The probability that a child has malaria given that they do not have sickle cell is expressed as follows:

  $P\left(M|notSC\right)=\frac{P\left(MandnotSC\right)}{P\left(notSC\right)}$

First, the probability that a child does not have sickle cell needs to be determined by taking 1 minus the probability that a child has sickle cell (0.25).

  $\begin{array}{l}P\left(notSC\right)=1-0.25\\ P\left(notSC\right)=0.75\end{array}$

Next, substitute the values into the formula given above.

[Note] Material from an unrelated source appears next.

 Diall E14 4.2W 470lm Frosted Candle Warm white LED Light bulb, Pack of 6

  $\begin{array}{l}P\left(M|notSC\right)=\frac{P\left(MandnotSC\right)}{P\left(notSC\right)}\\ P\left(M|notSC\right)=\frac{0.28}{0.75}\\ P\left(M|notSC\right)=0.373\end{array}$

Conclusion:

Therefore,the probability that a child has malaria given they do not have sickle cell is 0.373.

(d)

To determine

To describe: the events sickle-cell trait and malaria independent and might that tell about the relationship between the sickle-cell and malaria.

Answer to Problem 10.8AYK

Therefore, the probability of malaria and sickle cell using the multiplication rule gives a probability of 0.0865.As a result, these two events are not independent.

Explanation of Solution

Calculation:

To verify independence, the multiplication of the probabilities of malaria and sickle cell should be equal to the probability of malaria and sickle cell, which is 0.066.

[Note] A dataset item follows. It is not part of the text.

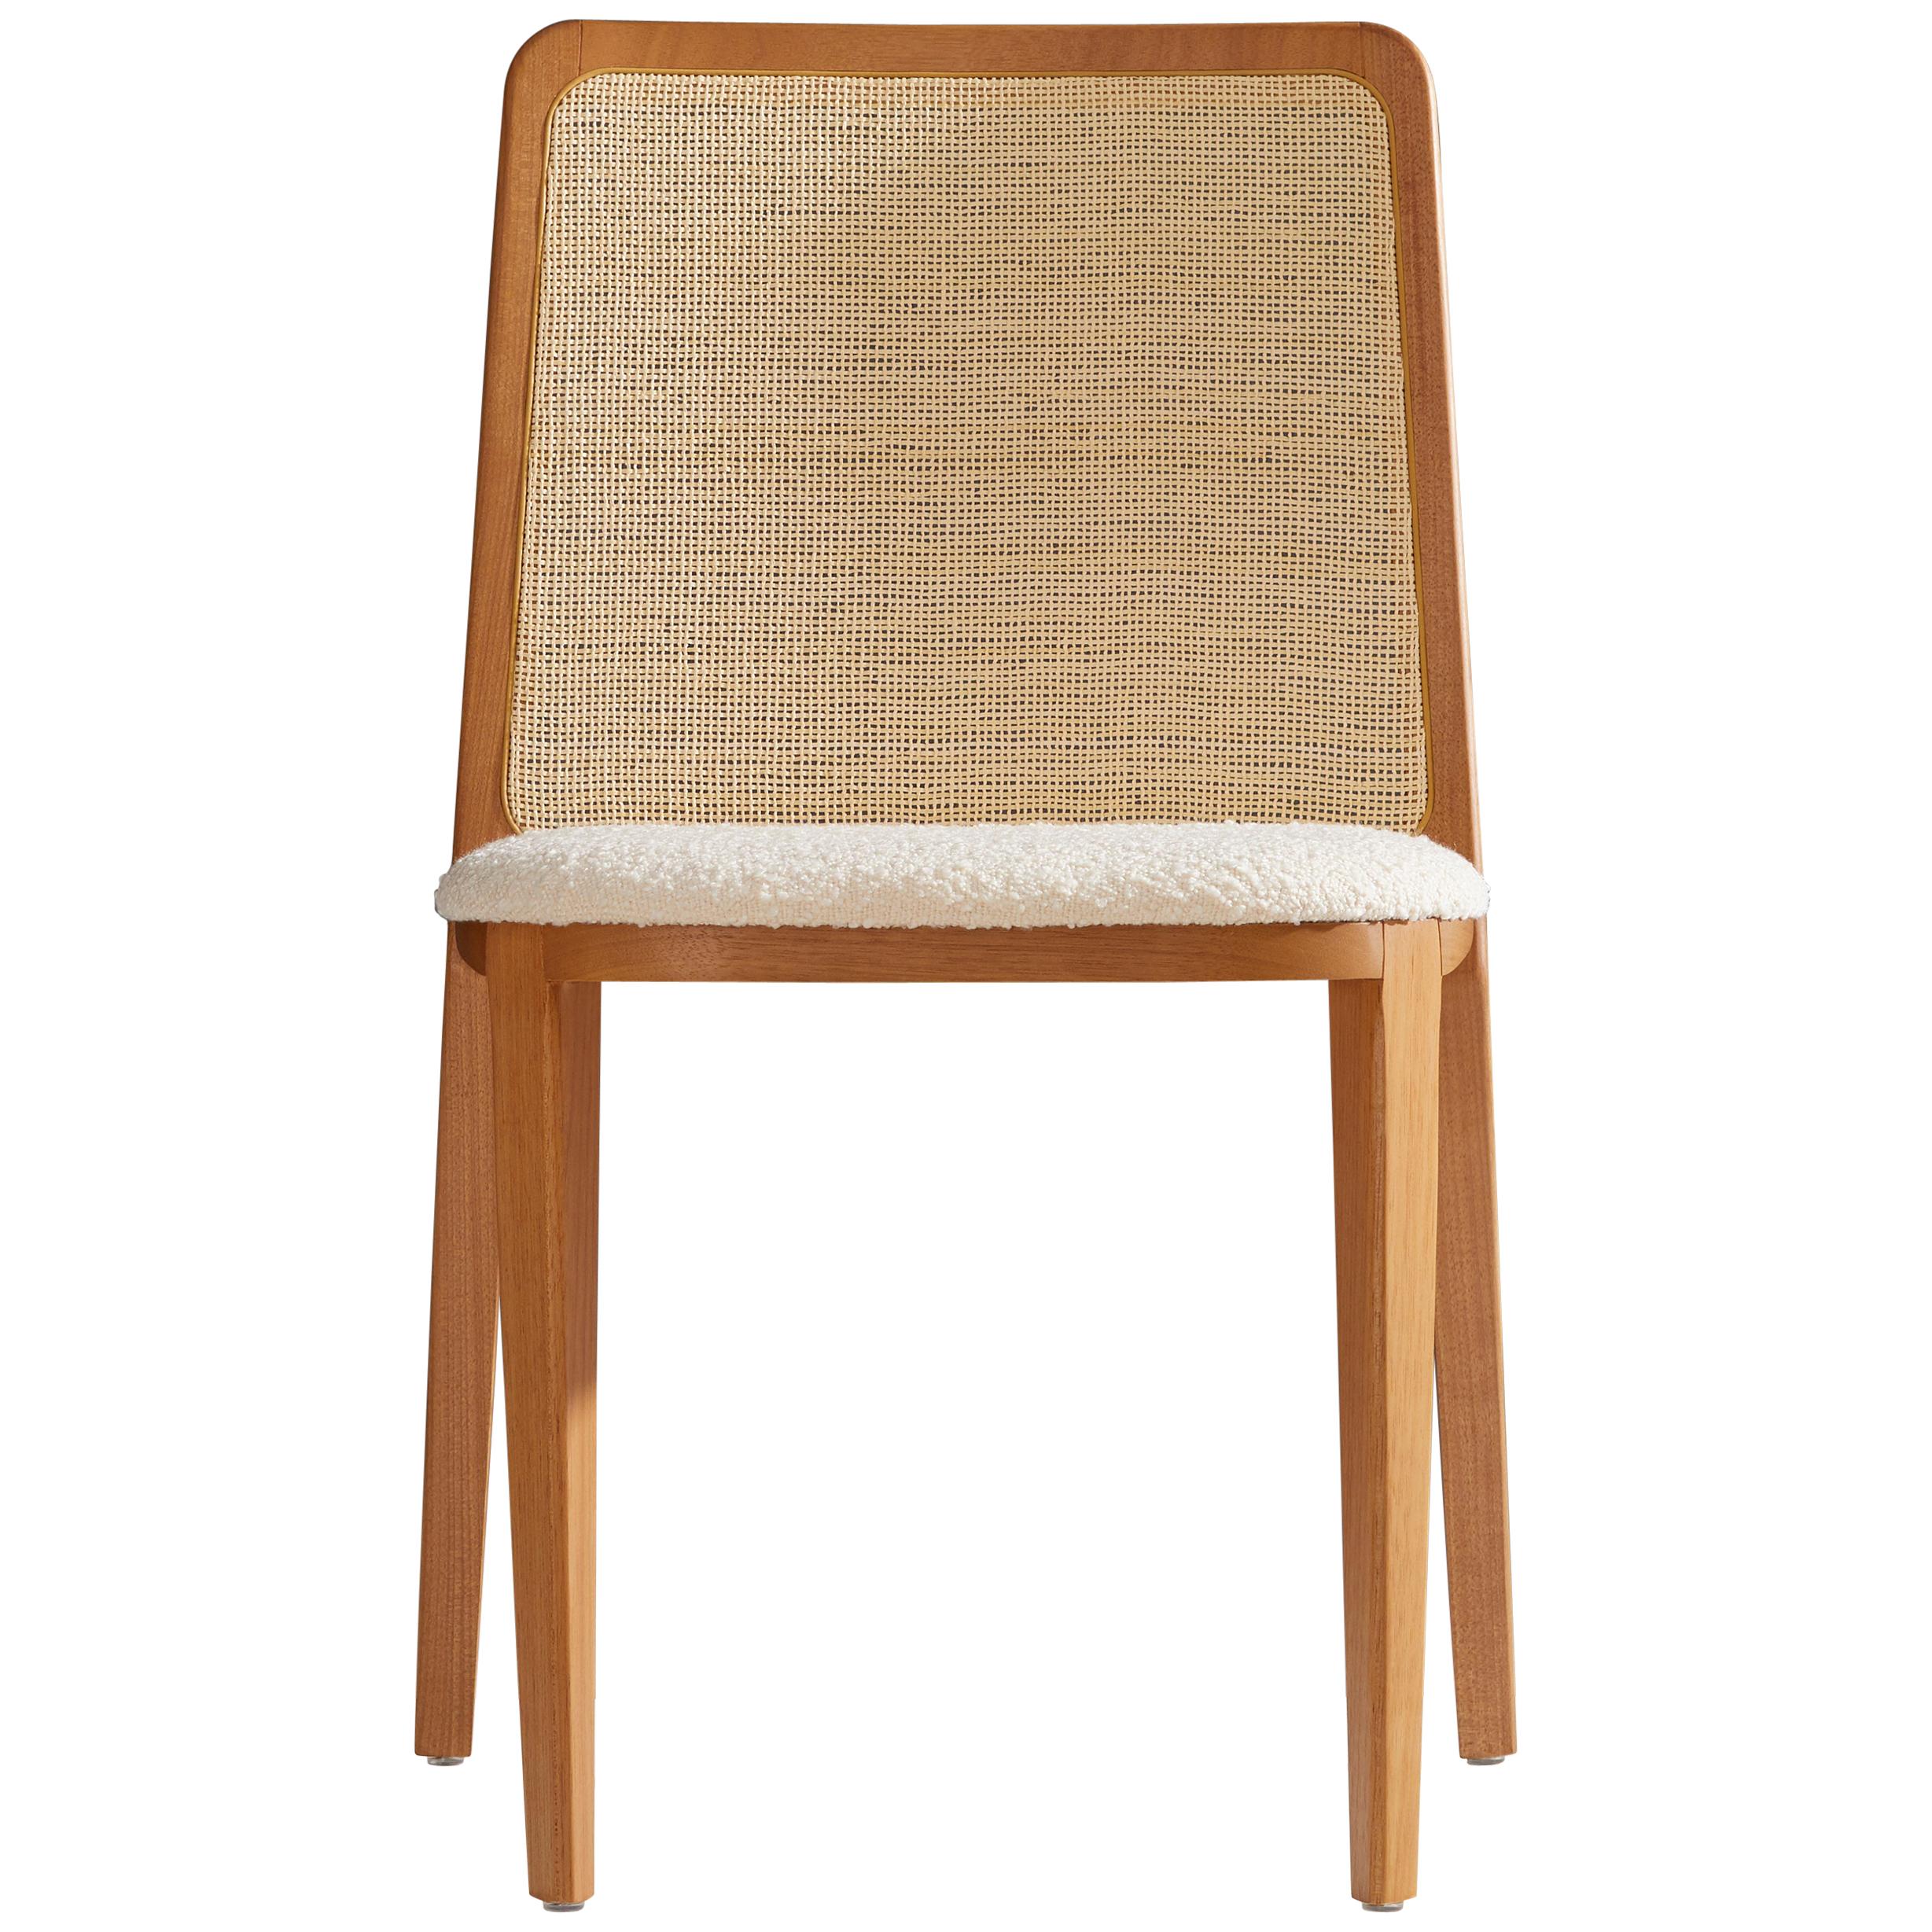 Minimal Style, Solid Wood Chair, Special Textile Seating, Caning Backboard For Sale

  $\begin{array}{l}P\left(MandSC\right)=0.066\hfill \\ P\left(MandSC\right)=P\left(M\right)\times P\left(SC\right)\hfill \\ P\left(MandSC\right)=0.346\times 0.25\hfill \\ P\left(MandSC\right)=0.0865\hfill \end{array}$

Calculating the probability of malaria and sickle cell using the multiplication rule gives a probability of 0.0865. This is greater than and does not match the probability of both malaria and sickle cell of 0.066 as given in the example. As a result, these two events are not independent.

Conclusion:

Therefore, the probability of malaria and sickle cell using the multiplication rule gives a probability of 0.0865.As a result, these two events are not independent.